- _REQUIRED ACTION_: Which lines to output? The line containing "A schematic representation" and every line after it in the data below, each copied exactly.

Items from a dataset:
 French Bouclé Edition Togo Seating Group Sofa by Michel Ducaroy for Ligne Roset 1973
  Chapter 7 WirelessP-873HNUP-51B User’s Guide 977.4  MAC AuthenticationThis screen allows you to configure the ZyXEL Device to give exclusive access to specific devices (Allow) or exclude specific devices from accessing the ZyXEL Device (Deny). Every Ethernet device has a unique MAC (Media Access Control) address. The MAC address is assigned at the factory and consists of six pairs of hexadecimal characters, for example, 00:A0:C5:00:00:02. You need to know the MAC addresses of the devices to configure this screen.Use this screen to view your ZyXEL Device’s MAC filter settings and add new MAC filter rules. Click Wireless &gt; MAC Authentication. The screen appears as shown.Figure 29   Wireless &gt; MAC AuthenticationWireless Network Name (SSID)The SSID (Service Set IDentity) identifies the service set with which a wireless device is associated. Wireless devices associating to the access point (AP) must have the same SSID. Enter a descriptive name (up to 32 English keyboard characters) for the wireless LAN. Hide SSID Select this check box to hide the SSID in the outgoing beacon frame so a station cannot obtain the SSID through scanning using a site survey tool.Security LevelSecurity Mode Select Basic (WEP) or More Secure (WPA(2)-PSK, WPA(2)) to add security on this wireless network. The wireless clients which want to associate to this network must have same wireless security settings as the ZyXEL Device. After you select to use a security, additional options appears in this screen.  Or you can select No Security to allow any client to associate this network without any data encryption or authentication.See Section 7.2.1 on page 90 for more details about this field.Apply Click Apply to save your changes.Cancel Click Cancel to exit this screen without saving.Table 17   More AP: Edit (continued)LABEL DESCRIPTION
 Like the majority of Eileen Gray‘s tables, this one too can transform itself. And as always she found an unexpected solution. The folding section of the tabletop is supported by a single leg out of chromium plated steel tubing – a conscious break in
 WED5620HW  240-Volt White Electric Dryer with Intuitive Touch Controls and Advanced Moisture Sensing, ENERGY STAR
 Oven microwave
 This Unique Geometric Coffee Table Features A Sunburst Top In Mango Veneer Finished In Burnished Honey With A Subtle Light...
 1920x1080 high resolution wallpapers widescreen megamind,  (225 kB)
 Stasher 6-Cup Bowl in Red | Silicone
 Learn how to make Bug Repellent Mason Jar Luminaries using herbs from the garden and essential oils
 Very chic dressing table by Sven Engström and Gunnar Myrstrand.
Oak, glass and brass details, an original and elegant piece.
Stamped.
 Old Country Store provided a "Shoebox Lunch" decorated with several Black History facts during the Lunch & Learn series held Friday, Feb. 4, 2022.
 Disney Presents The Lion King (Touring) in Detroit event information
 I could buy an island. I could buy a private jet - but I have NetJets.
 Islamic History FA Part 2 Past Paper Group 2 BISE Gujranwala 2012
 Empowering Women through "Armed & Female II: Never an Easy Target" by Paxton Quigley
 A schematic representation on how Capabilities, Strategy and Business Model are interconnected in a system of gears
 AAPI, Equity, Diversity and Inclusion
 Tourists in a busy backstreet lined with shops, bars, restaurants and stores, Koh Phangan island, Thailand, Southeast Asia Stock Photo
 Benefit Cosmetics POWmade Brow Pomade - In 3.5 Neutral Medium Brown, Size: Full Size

- _TASK RESPONSE_:
 A schematic representation on how Capabilities, Strategy and Business Model are interconnected in a system of gears
 AAPI, Equity, Diversity and Inclusion
 Tourists in a busy backstreet lined with shops, bars, restaurants and stores, Koh Phangan island, Thailand, Southeast Asia Stock Photo
 Benefit Cosmetics POWmade Brow Pomade - In 3.5 Neutral Medium Brown, Size: Full Size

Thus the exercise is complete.